Les ventes sont étalées sur toute l'année, mais très importantes pendant le mois de décembre où 50% de la production est vendue. Comme pour les moules, les ventes se font à la station d'épuration de Gammarth.

Une partie est commercialisée directement à partir de l'exploitation de Menzel Jemil à des revendeurs possédant un parc d'épuration.

IV) Production: huîtres et moules

Le tableau ci-après donne les valeurs et les quantités de la production écoulée: elles ne correspondent pas aux possibilités réelles de l'exploitation, mais aux quantités susceptibles d'être écoulées en fonction du circuit commercial actuel.

A) Moules

AnnéeProduction (T)Ventes (T)Valeur DT
1977  86  7022 800
1978103  8525 807
197913811322 121
198013311617 043
198112711317 228

Remarques

La production moyenne annuelle est stabilisée aux alentours de 130–140 tonnes, ce qui correspond à des ventes effectives de 115 tonnes environs. Le prix des ventes des moules est actuellement le suivant:

- 0,150 DT le kg en grosau départ de Gammarth
- 0,250 DT le kg au détail
- 0,120 DT le kg au départ de Menzel Jemil, en gros

Ces prix sont en vigueur depuis 1979, ils sont très bas et ce afin d'encourager les ventes. Le résultat n'a pas été très sensible. Les ventes ont sensiblement augmenté de 40% en valeur absolue, ce qui représente 40 tonnes. Le circuit commercial est complètement à revoir.

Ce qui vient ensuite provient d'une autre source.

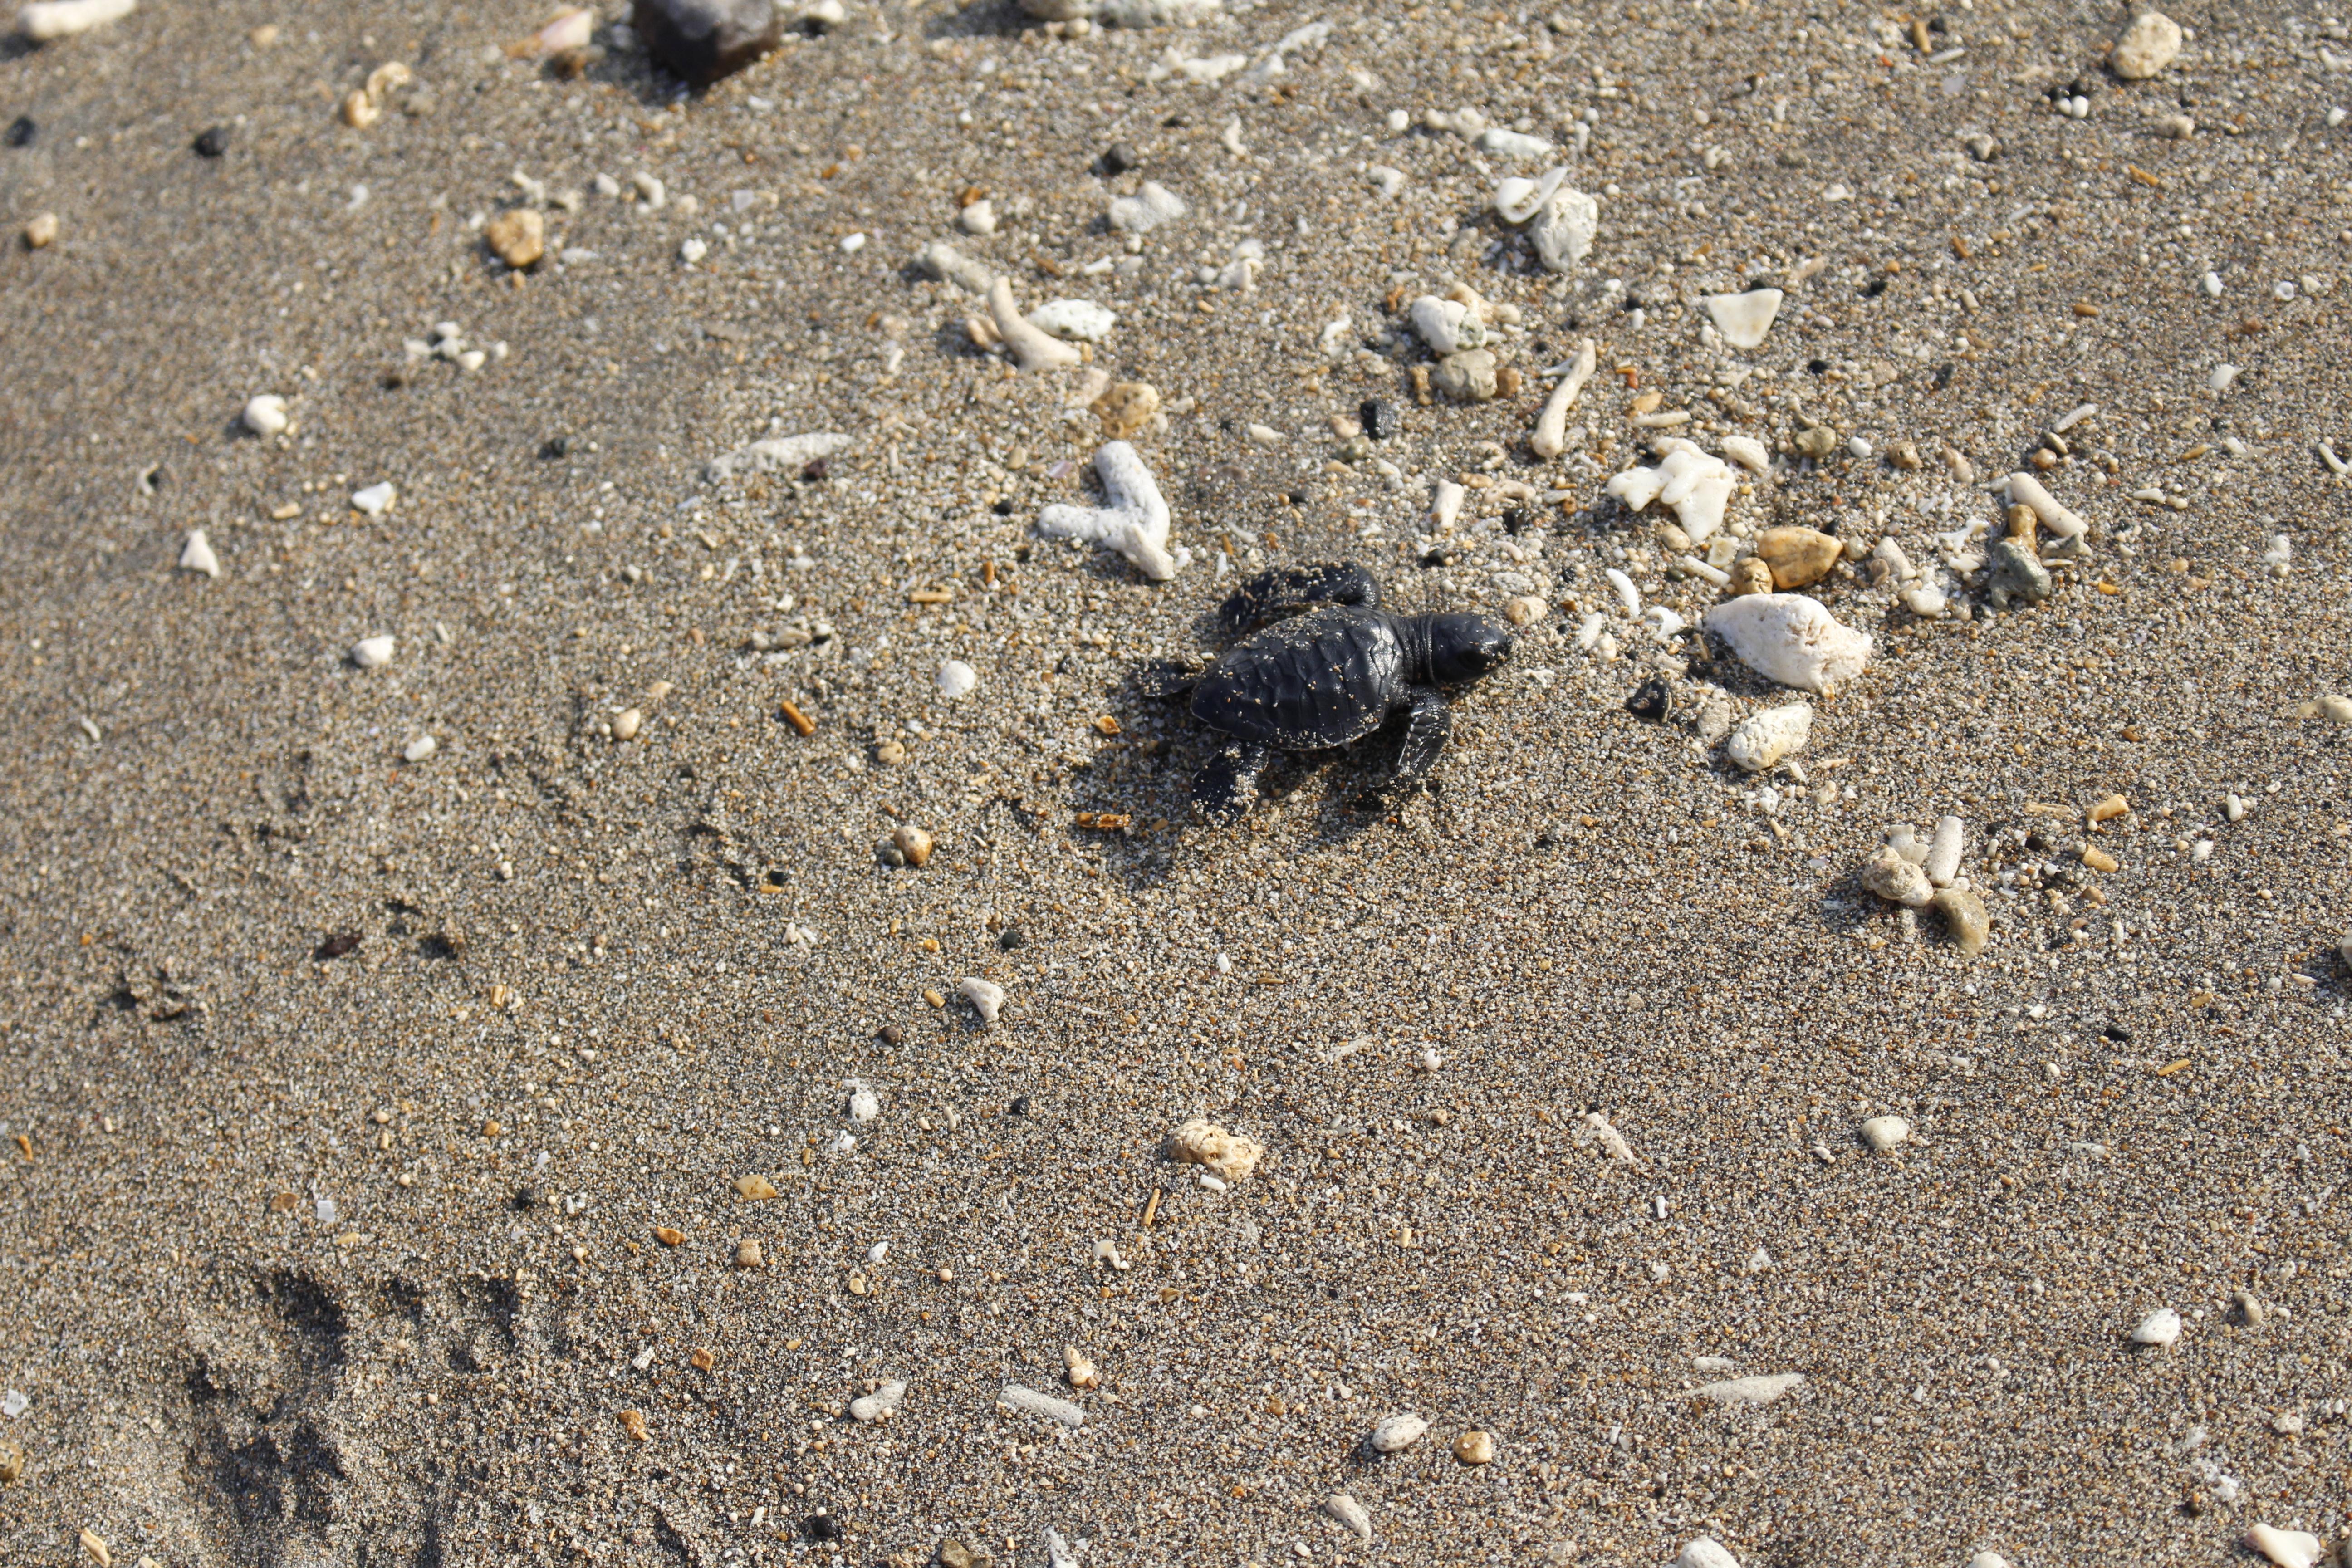 https://highend-traveller.com/baby-turtle-release-at-the-anvaya-beach-resort-bali/

Les ventes sont maximales pendant les mois d'été (20–25 tonnes/mois), de 5 à 7 tonnes les autres mois et très réduites pendant le mois de Ramadan.

B) Huîtres

Tableau récapitulatif: quantité en douzaines (dz)

AnnéeProduction DzVentes DzValeur DT
1977  8 200  7 100  5 600
197814 20013 20011 126
197913 70010 600  9 139
1980  7 800  7 20011 802
198111 500  8 200  6 767

Remarques concernant le tableau précédent:

  1. Les chiffres varient beaucoup d'une année à l'autre. Il ne s'agit pas de la demande, qui est relativement constante (de 15 à 20 tonnes par an), mais d'une difficulté en approvisionnement en naissain, en particulier en 1976 et 1980.

    Le naissain est importé de France: plusieurs années de mauvais captage, la présence de parasites, des difficultés administratives, etc. nous ont posé des problèmes dans l'approvisionnement, entraînant un défaut à la production.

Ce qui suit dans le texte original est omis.